いつも少しだけその窓はあいている。晴れの日も雨の日も、冷たい風の通り抜ける冬の日も日差しのふり注ぐ夏の日も。

毎日の散歩道にある家の一階窓。ひっそりとあいた窓の向こうには飴色の書棚に几帳面に並べられた本が見える。

どんな方が住んでいるのだろう。網戸ごと開けられた窓を横目に何となく違和感を覚えながら通り過ぎる。数ヶ月後にその住人と本の話をすることになるとは夢にも思わずに.....

少し肌寒くなってきた秋の日、大事な猫が家からいなくなった。その日から『猫を追いかけて』で書いたとおり、私は捜索の日々に明け暮れる。夜中の三時から東の空が朝焼けに染まるまで探し歩き、落胆のうちに帰宅して着替えると仕事に出かける。

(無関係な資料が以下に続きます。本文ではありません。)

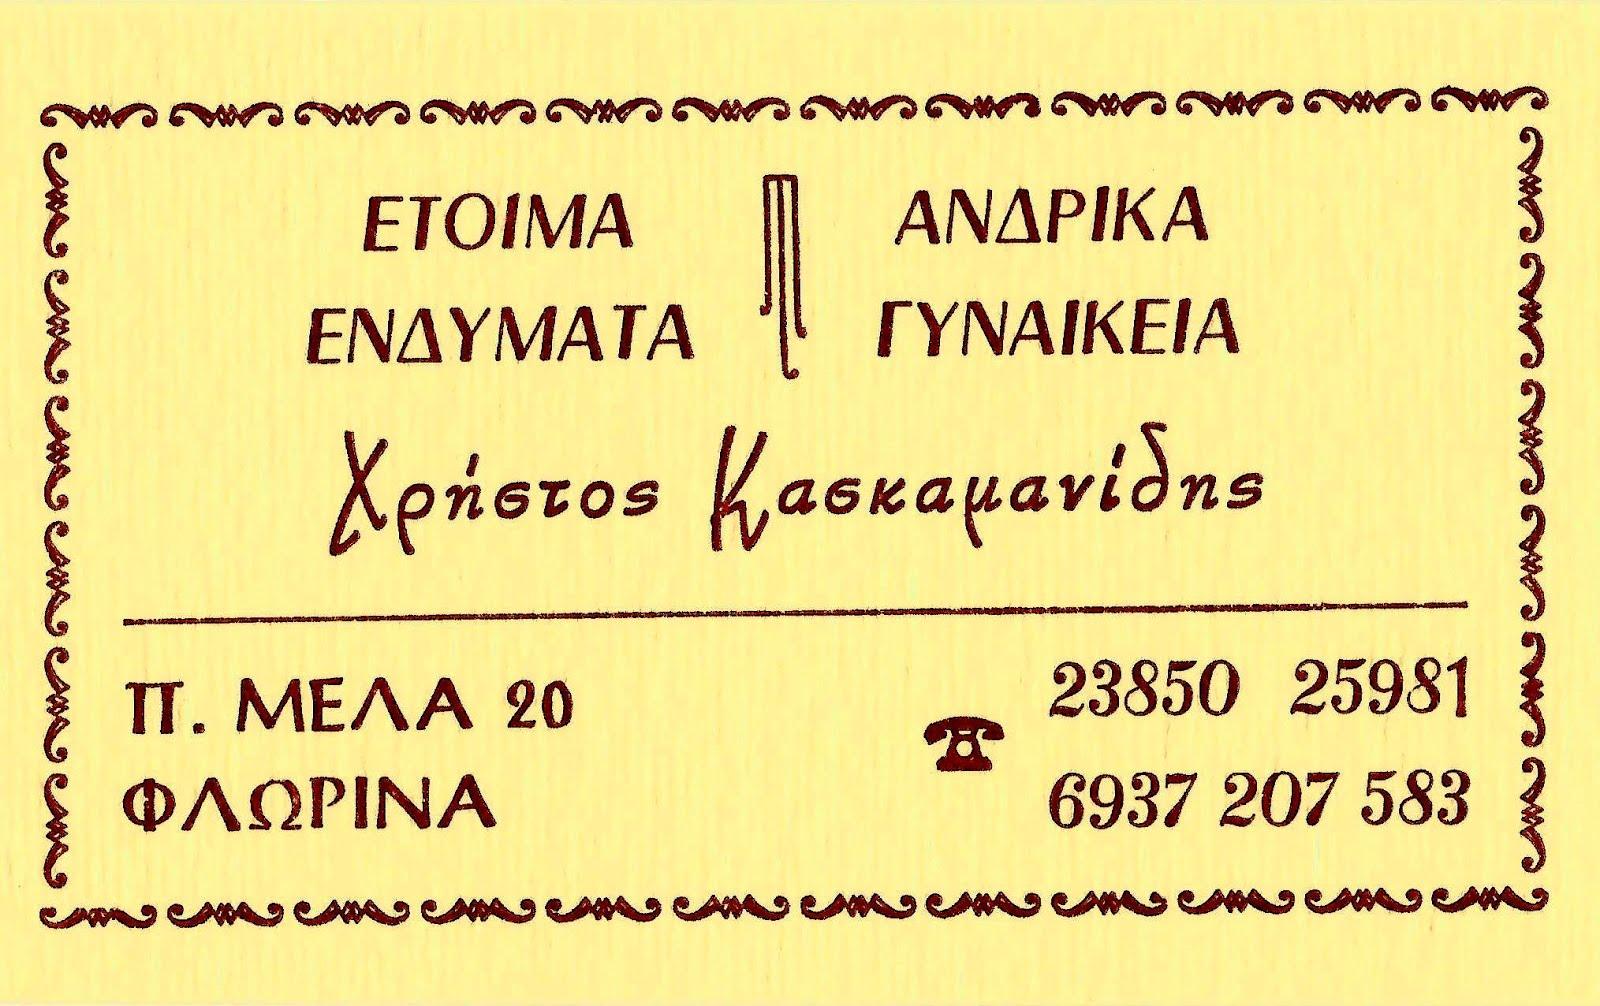 Χρήστος Κασκαμανίδης- Έτοιμα Ενδύματα Ανδρικά Γυνακεία

1ヶ月もそんな日が続いた頃、いつものように夕方、小さな声で愛猫の名前を呼びながら近所を歩いていると1人のおじさまが近づいてきた。私がよほど絶望的に情けない顔でもしていたのだろうか、たまりかねた様子で話しかけてくる。
「いつまで探す?あんたは内田百閒の『ノラや』を読んだことがあるか?あの人でも見つけられなかったんだ、きっともうどこかで幸せに暮らしてると思えないか?」

その時は「知らない人なのに突然何を言い出すのだろう(しかも絶妙にネタバレだし...)」と戸惑いと反感しか沸かず、曖昧に会釈をして通り過ぎた。

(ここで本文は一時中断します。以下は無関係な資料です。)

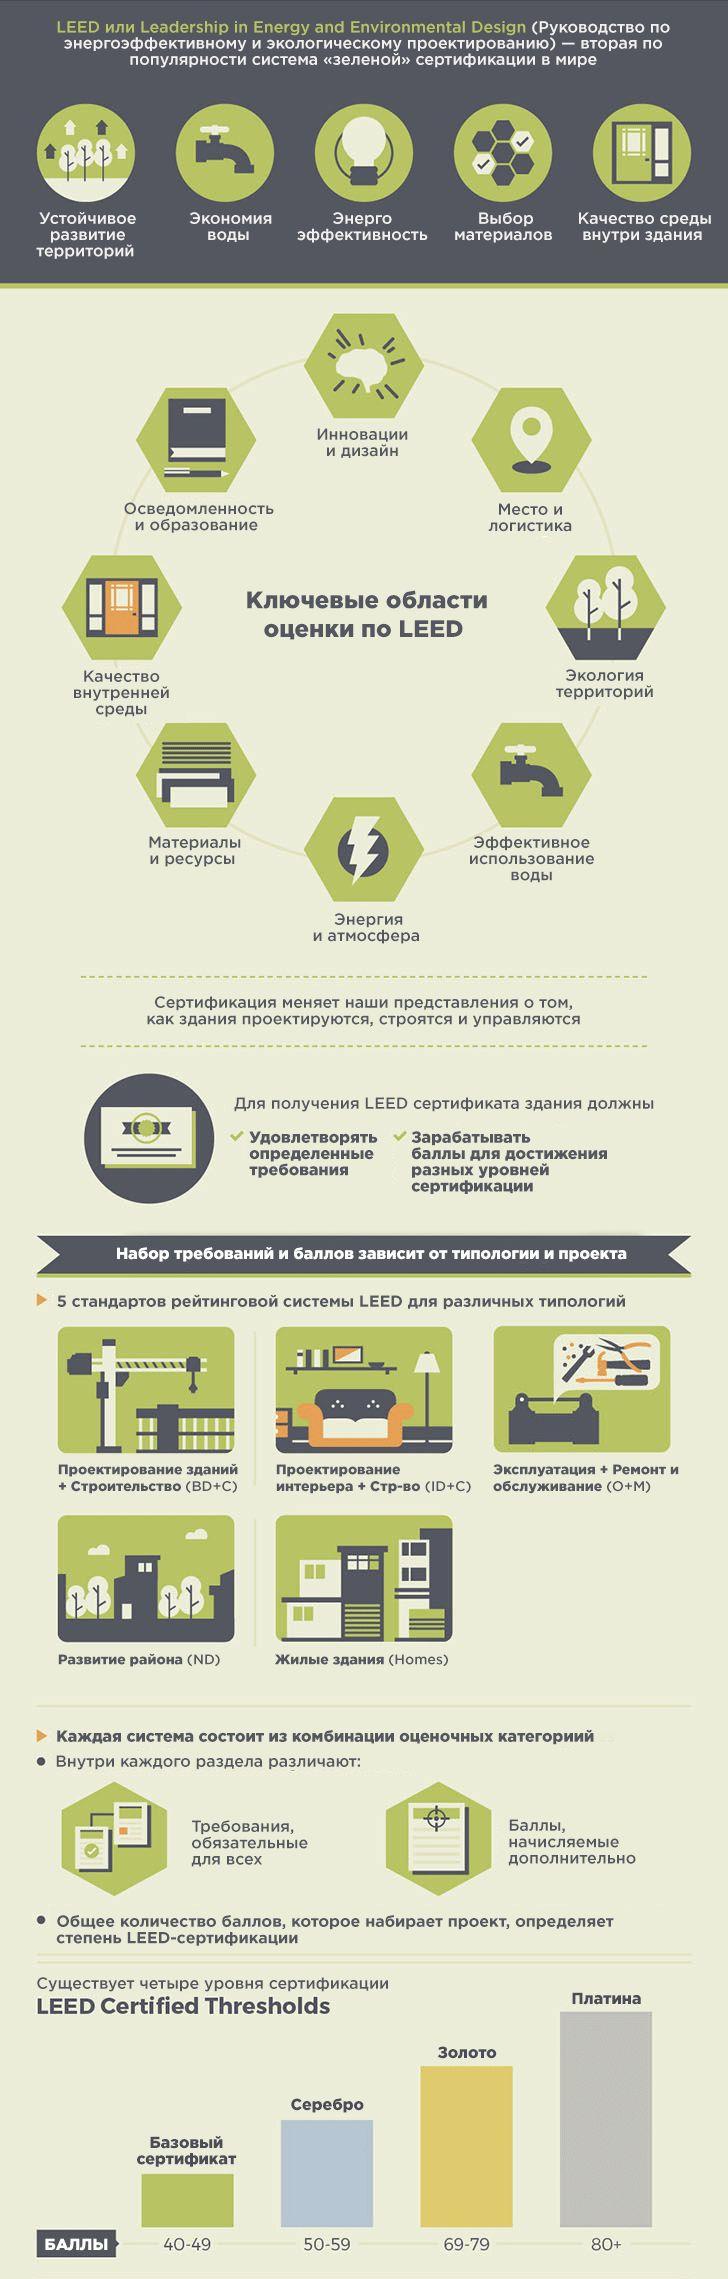 Инфографика: всё, что вы хотели знать про LEED

翌日の夕方、いかにも猫が隠れていそうだと度々遠まきに見ていた庭の持ち主さんがその手入れに出てこられたので思いきって声をかけてみる。
「あの...お庭でこの猫を見かけられませんでしたか?」

その男性は写真を覗き込むと「あぁ」と声をあげた。
「チラシがポストに入ってたね。まだ見つからんの?なかなかねぇ、おれも2年くらい前に友人の猫を探してそこの林に何回も入ったんだよ」

なんと!私以外にも猫探しにあの鬱蒼とした林に入った人がいたとは。
「それで見つかったんですか?」
そのかたは残念そうに首を横に振った。
「何回か入って探したんだけどねぇ、見つからなかったよ」

猫探偵の人も「この林には入ってないですよ」とあっさり言っていたがどうやら猫は狸など野生動物が住んでいる危険な所には本能的に近寄らず、餌のある住宅街の方へ向かう傾向があるようだ。

「ああ、あそこに歩いてる〇〇さんとこの猫だったんだけどね」指差した向こうに見えたのは、あのいつも少しだけ書斎の窓が開いた家に入っていく昨日のおじ様の姿だった。

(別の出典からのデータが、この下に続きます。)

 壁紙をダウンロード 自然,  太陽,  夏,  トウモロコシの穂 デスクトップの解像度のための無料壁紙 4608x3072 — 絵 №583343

「〇〇さんもずっと探してたんだけどねぇ、今でも毎日庭に餌を置いてるから近所のいろんな猫と顔馴染みになってるみたいだよ。いつ帰ってきてもいいように窓も開けてるんだってさ」
そのかたはちょっと微笑んでおじ様を見送り、
「見つかるといいねぇ」と私に言った。

おじ様から言われた言葉が再びよみがえる。

(いつまで探す?あんたは内田百閒の『ノラや』を読んだことがあるか?あの人でも見つけられなかったんだ、きっともうどこかで幸せに暮らしてると思えないか?)

これは私へだけでなく、自分に対しての言葉でもあったのだろうか。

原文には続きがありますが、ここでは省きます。